▶ _EXERCISE GOAL_
Give the lines below again, exactly as they stand, and leave out the images.

━━━ PROVIDED MATERIAL

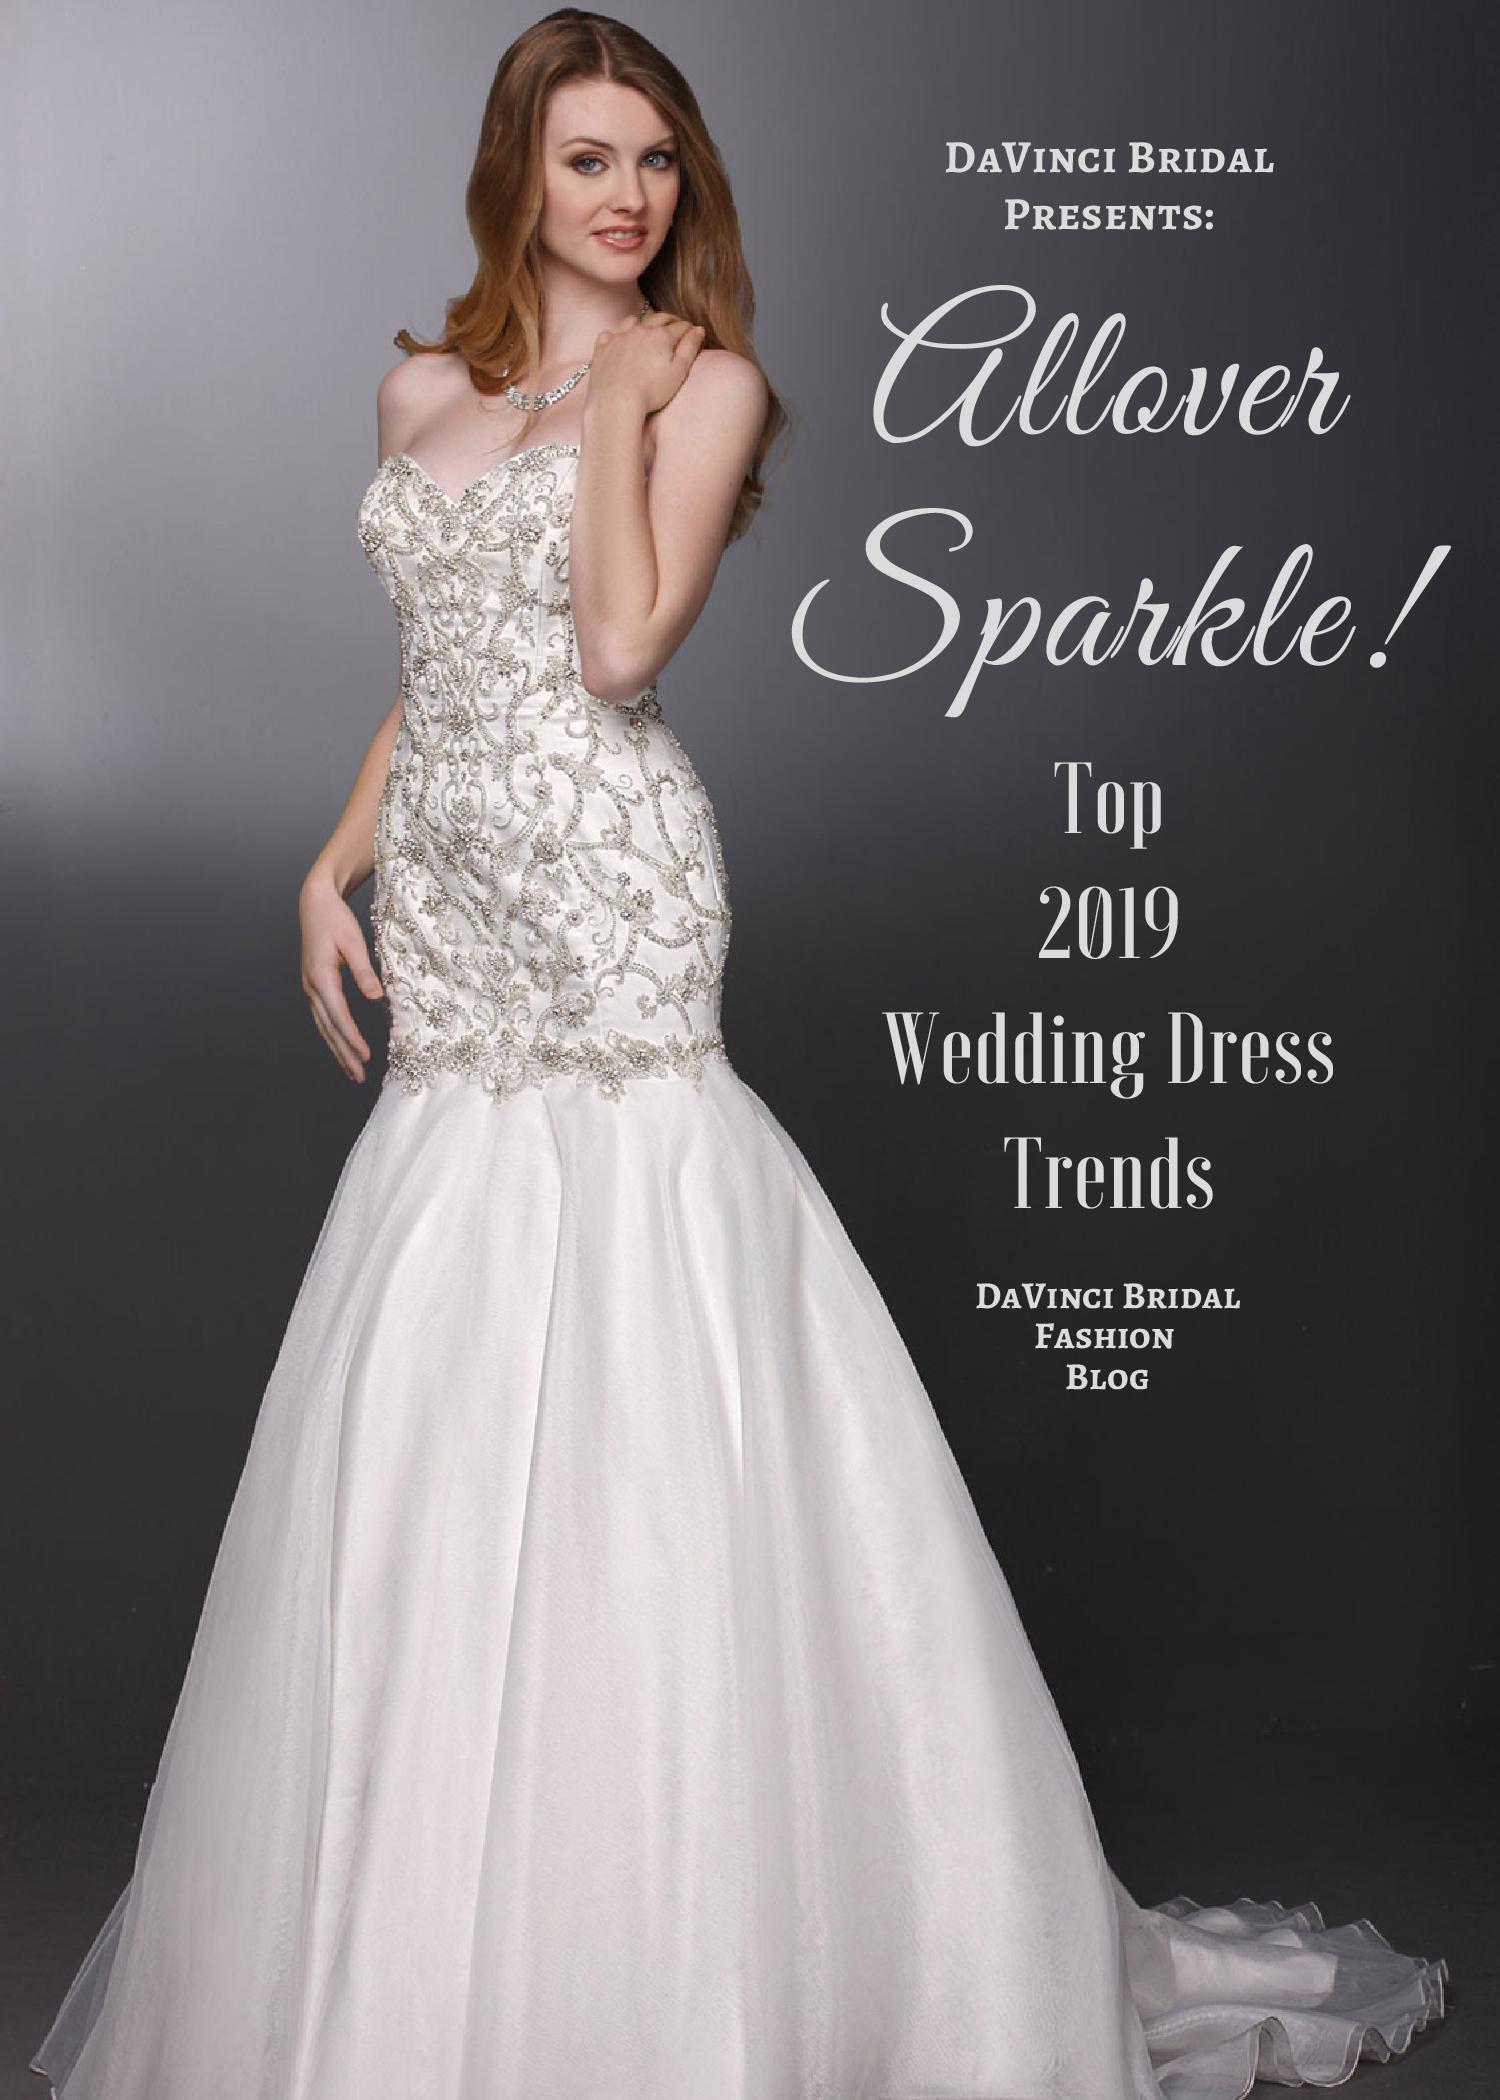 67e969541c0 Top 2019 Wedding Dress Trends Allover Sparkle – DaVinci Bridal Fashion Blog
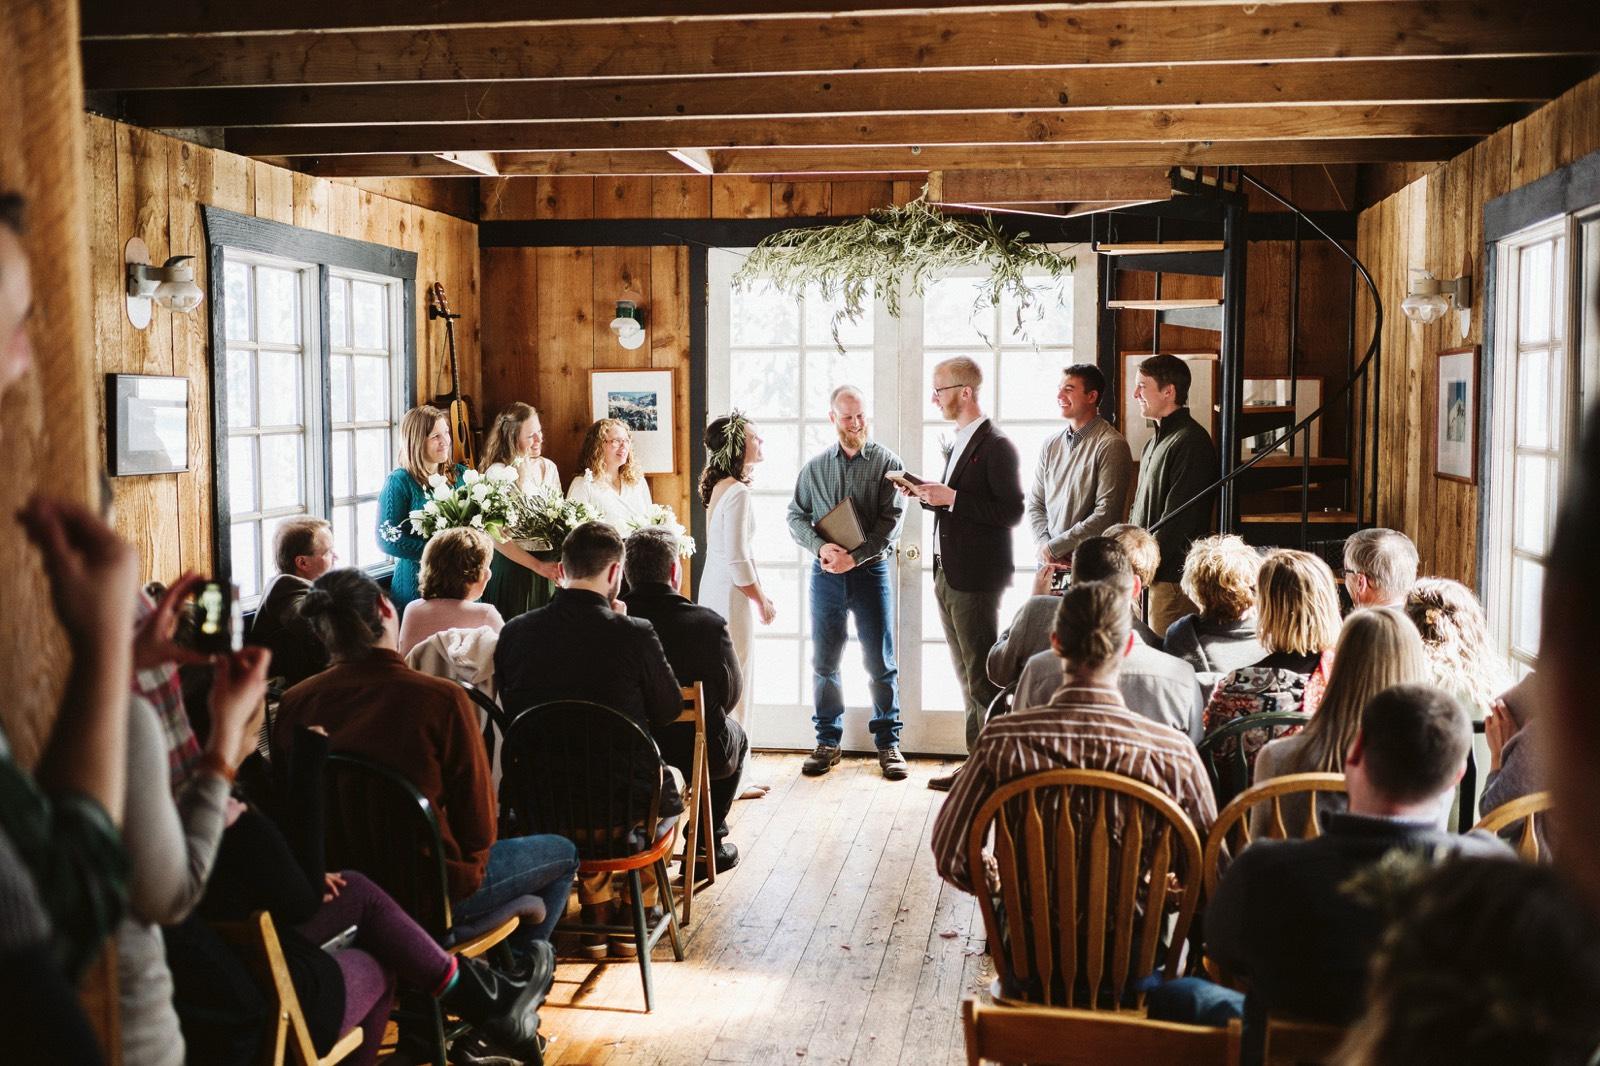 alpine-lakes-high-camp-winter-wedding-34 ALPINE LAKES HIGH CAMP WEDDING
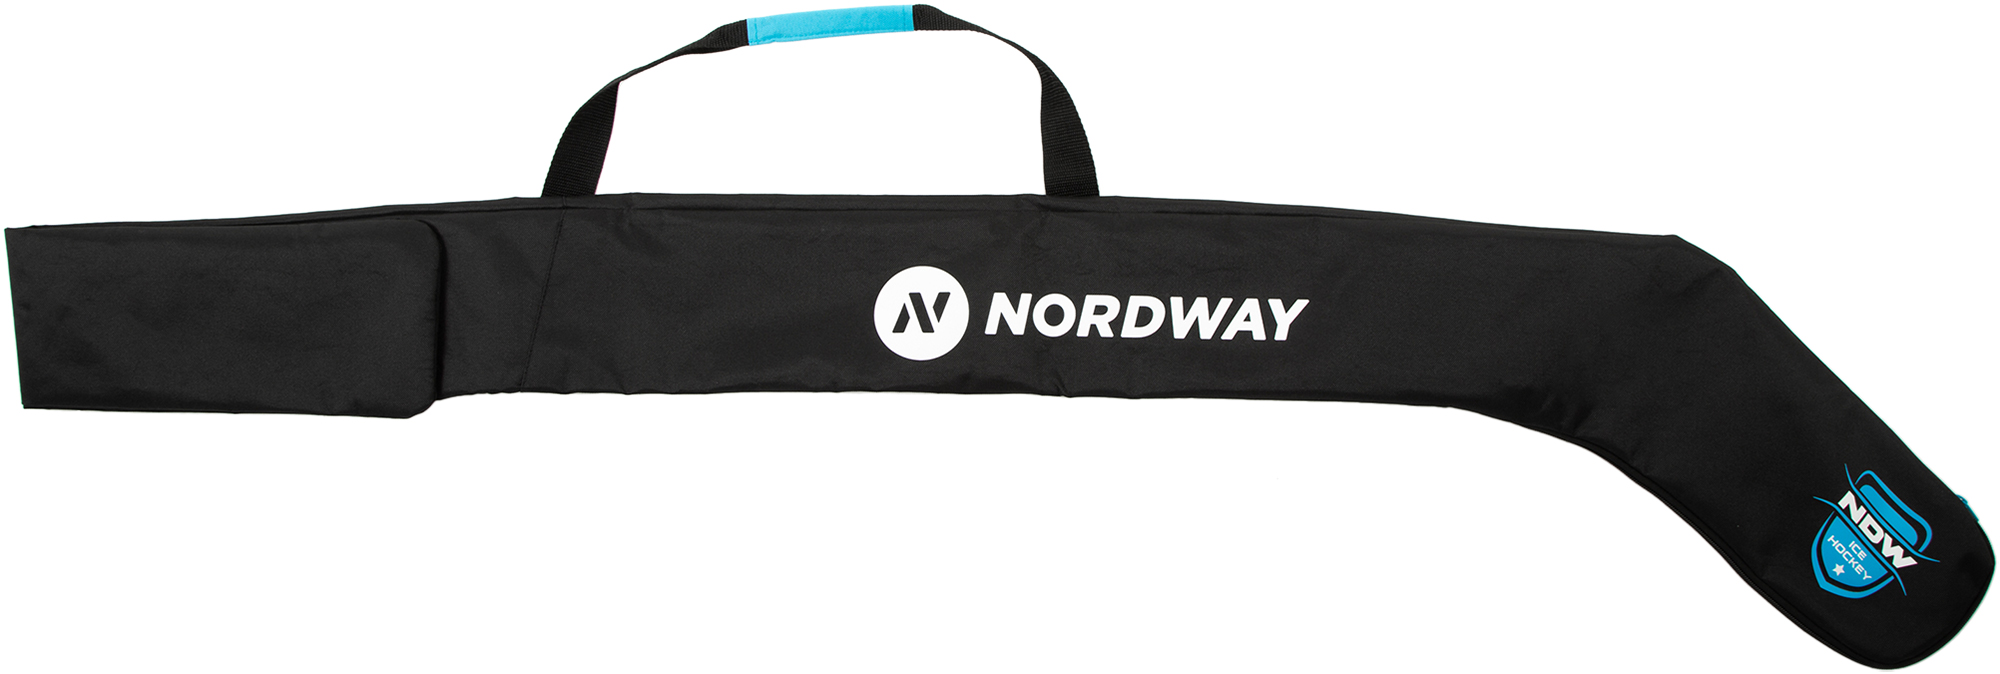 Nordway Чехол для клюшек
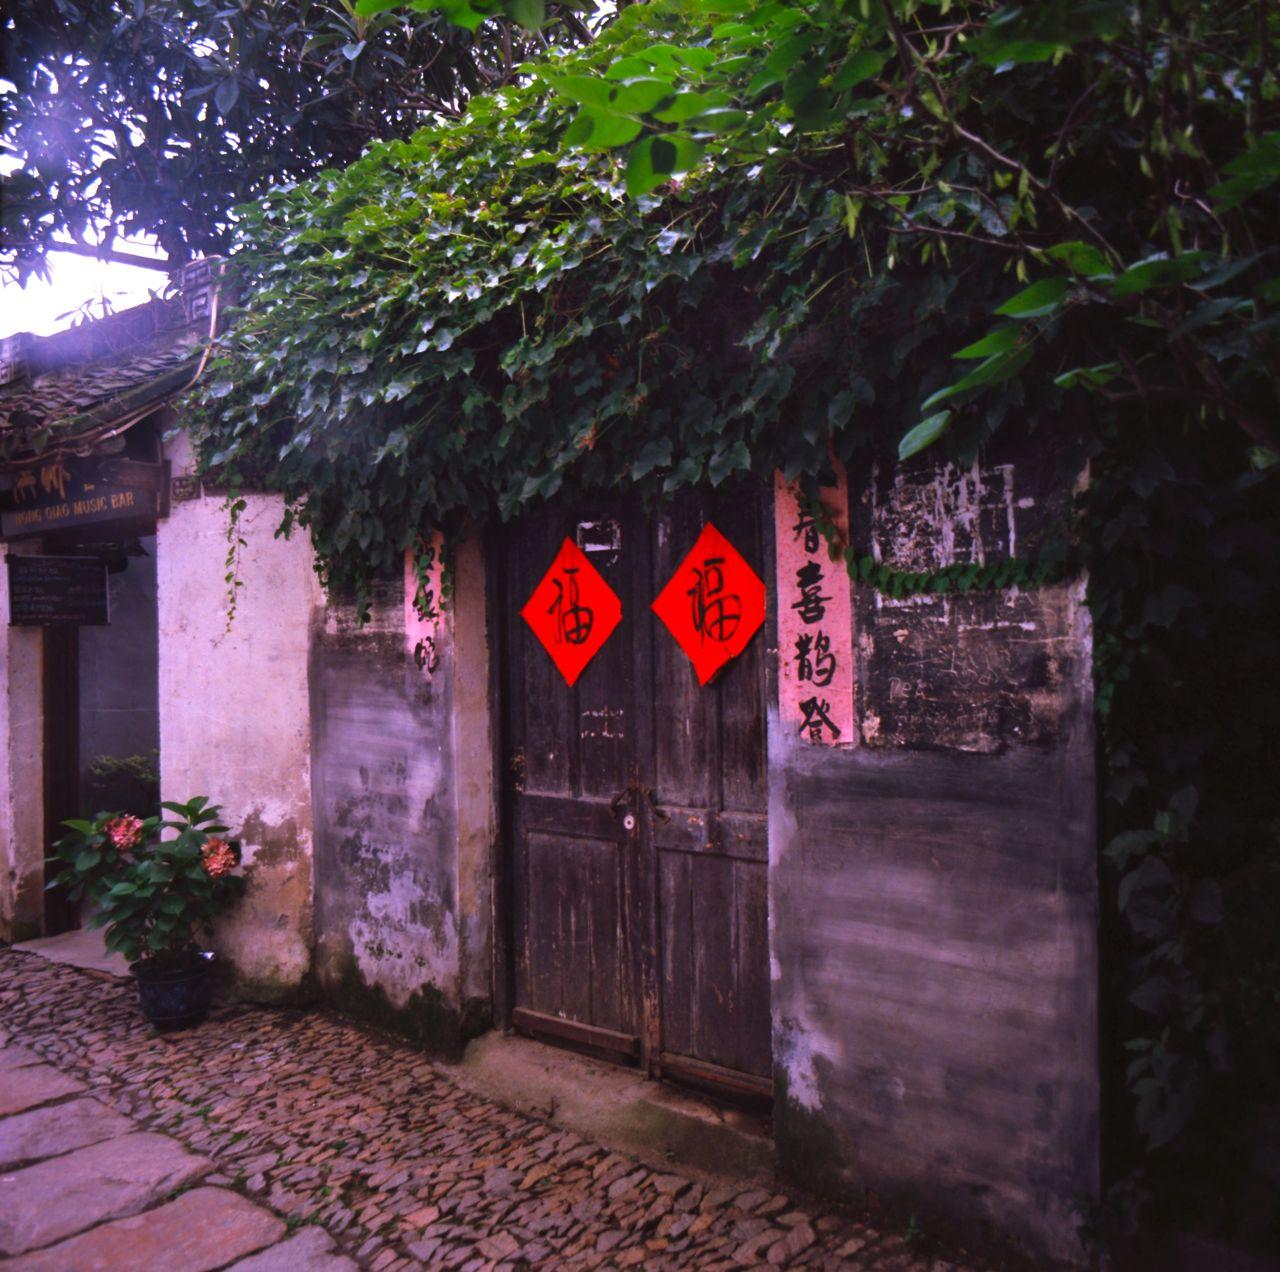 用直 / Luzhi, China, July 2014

━━━━━━

▶ _ANSWER BELOW_
 67e969541c0 Top 2019 Wedding Dress Trends Allover Sparkle – DaVinci Bridal Fashion Blog
 alpine-lakes-high-camp-winter-wedding-34 ALPINE LAKES HIGH CAMP WEDDING
 Nordway Чехол для клюшек
 用直 / Luzhi, China, July 2014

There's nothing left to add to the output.